Where can I read about your FT ? I only use 0-255 integer range.
My matrixes have variable sizes, but all parametrable with #define
The main optimisation should be about PGHT()
The worse part is :
~ for(i=0;i<_YUV_WIDTH;i+=1)
~ for(j=0;j<_YUV_HEIGHT;j+=1)
~ {
~ int w;
~ if(!i2->S[i][j])
~ continue;
~ o_p=i2->P[i][j];
~ o_w=i2->W[i][j];
~ for(p=0;p<_R_RES_;p++)
~ for(w=0;w<_R_WIDTH_;w++)
~ {
~ if(!i2->R_valid[p])
~ continue;
~ // test if phase in pic is close to any phase in R-Table
~ if(abs(o_p-i2->R_P[p][w])<5)
~ if(abs(o_w-i2->R_W[p][w])<5)
if((i-i2->R_x[p][w]>=0)&&(i-i2->R_x[p][w]<_YUV_WIDTH)&&
(j-i2->R_y[p][w]>=0)&&(j-i2->R_y[p][w]<_YUV_HEIGHT))

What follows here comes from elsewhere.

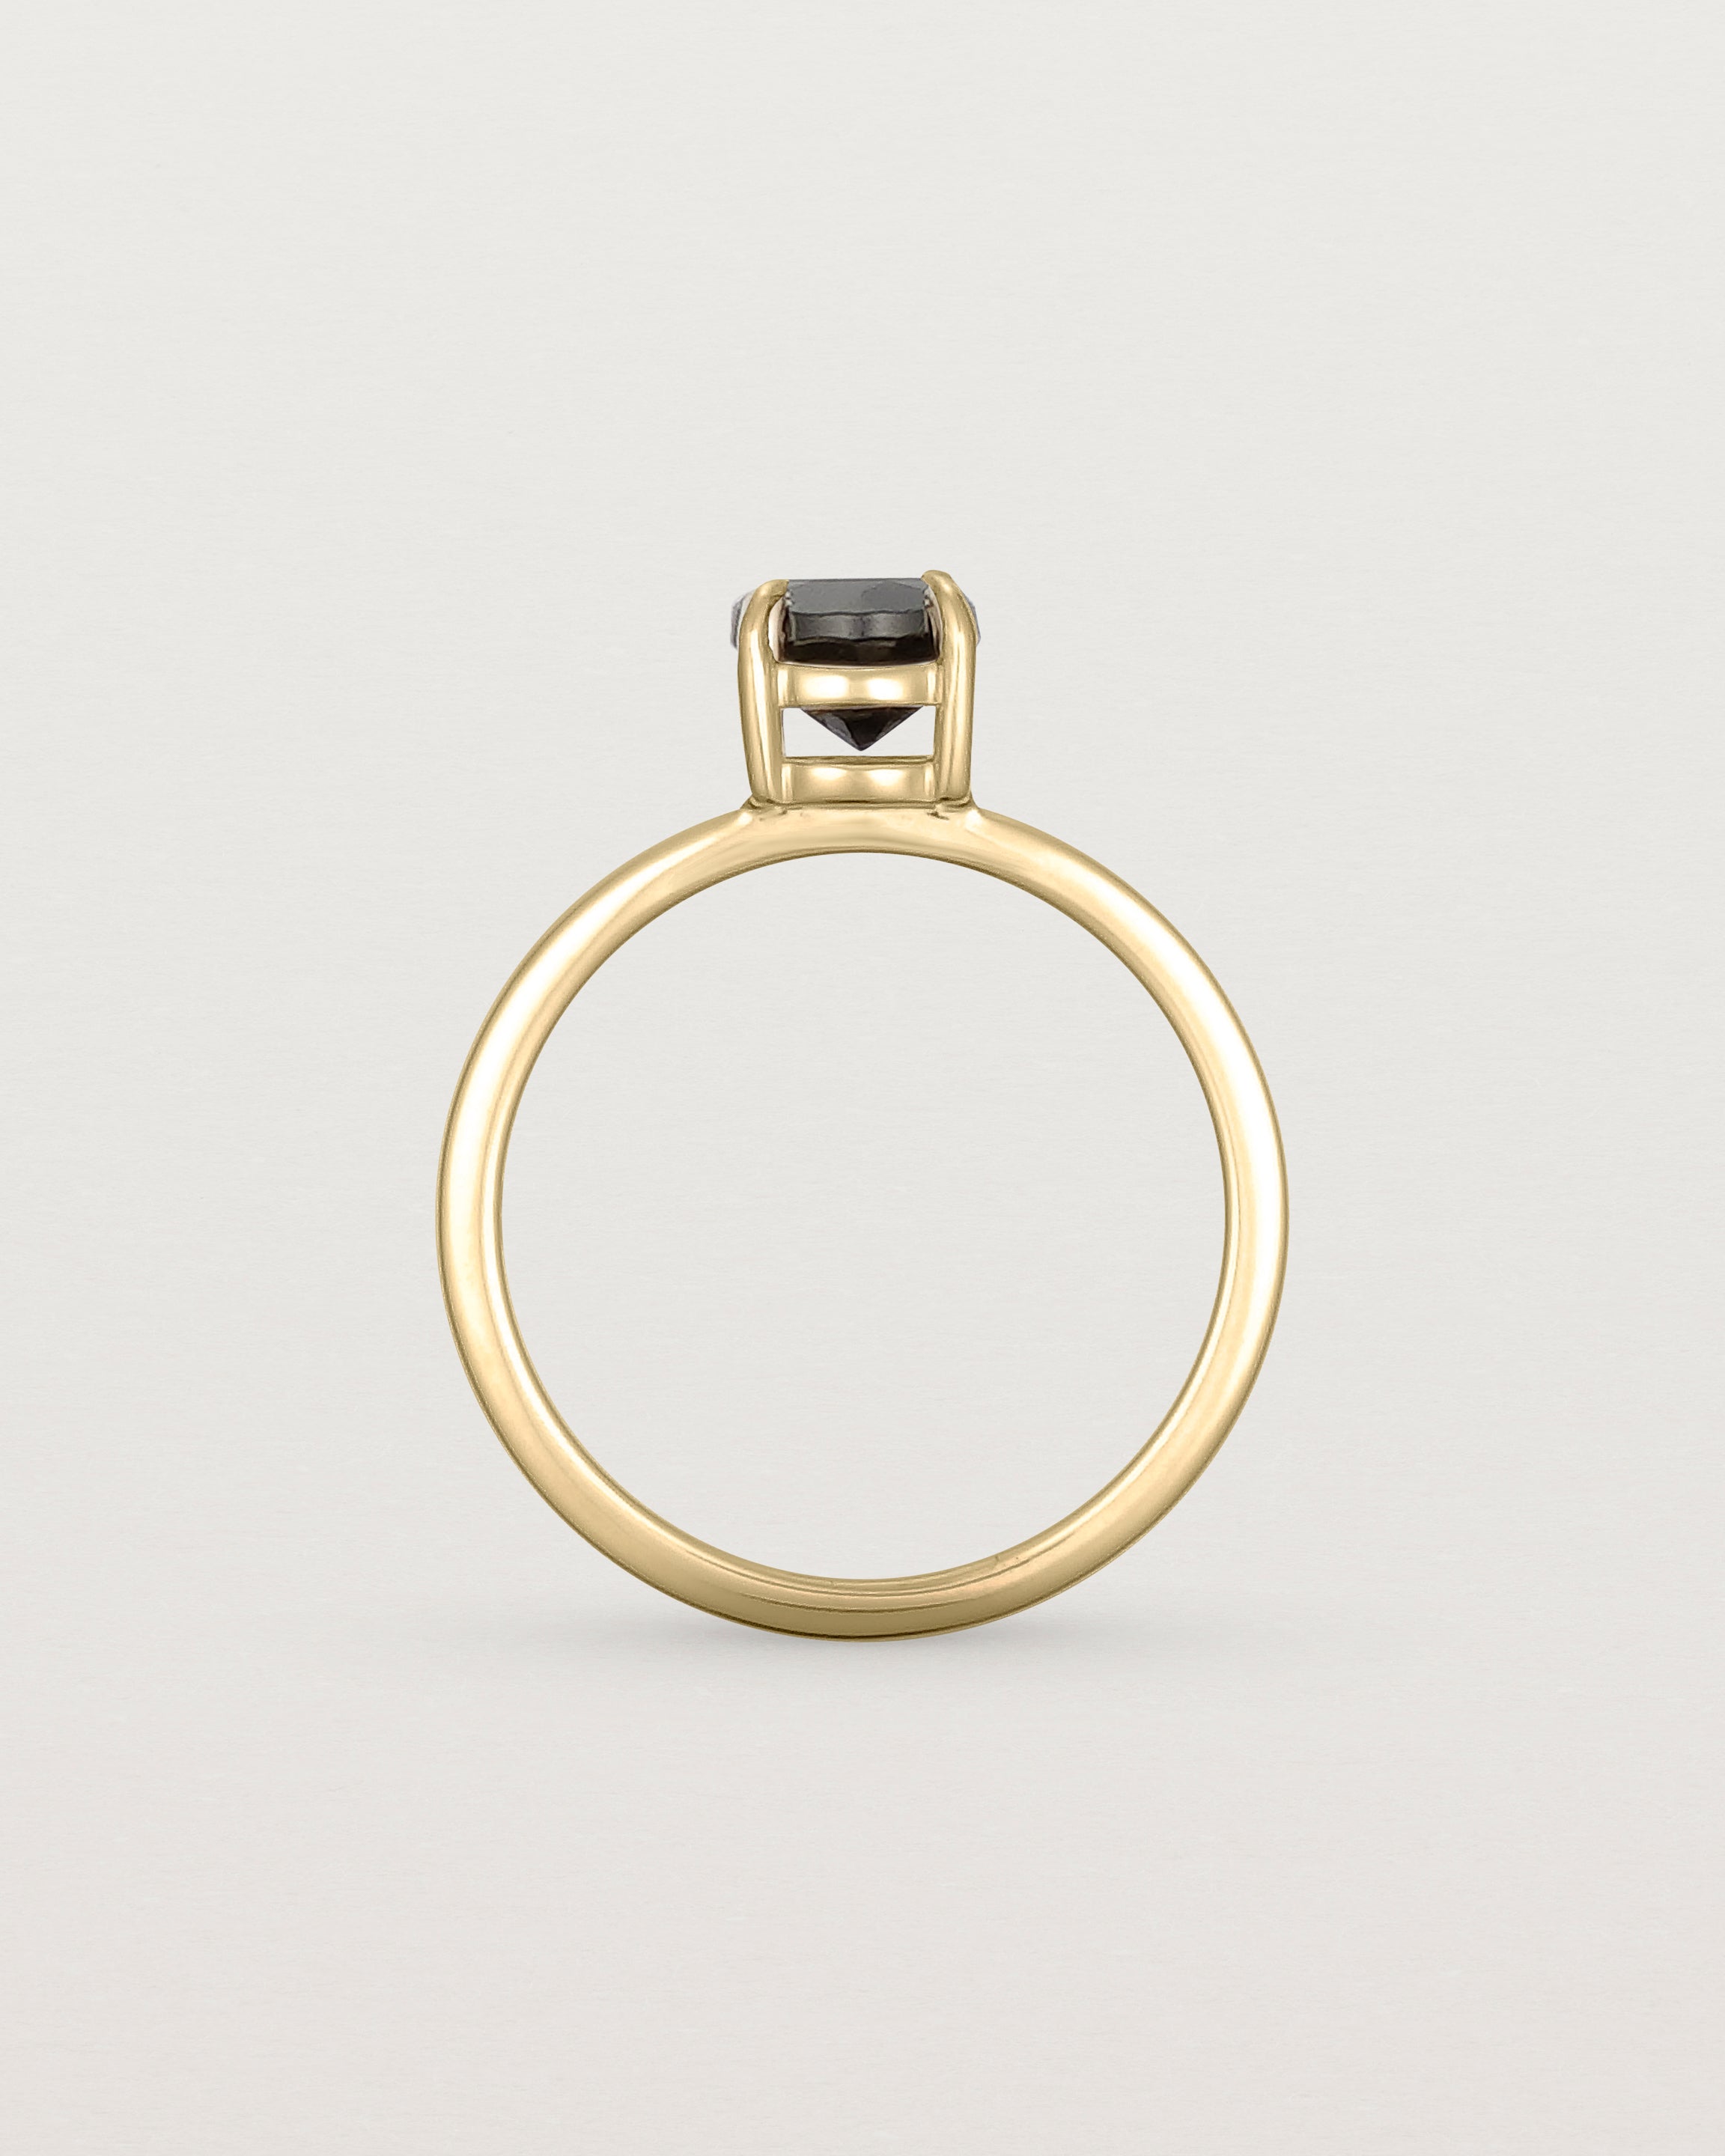 Standing view of the Petite Una Round Solitaire | Black Spinel | Yellow Gold.

~ i2->result[i-i2->R_x[p][w]][j-i2->R_y[p][w]]+=0x1;
~ }
~ }
4 for loops with many arry access in random way.
| That can happen since large tables are cache-unfriendly.
:(
| Incidentally, this line from extract_R() seems weird to me:
| x=mouse_x+(float)r*cosf((float)o);
| Wouldn't that be more like cosf((2*PI*o)/_R_RES_)?
hmmm by the time I wrote that line, _R_RES used to be 360. Further more,
cos(3) uses angle in radians. So, you are right, my code is badly
written. but practically, it still works :) guess why ...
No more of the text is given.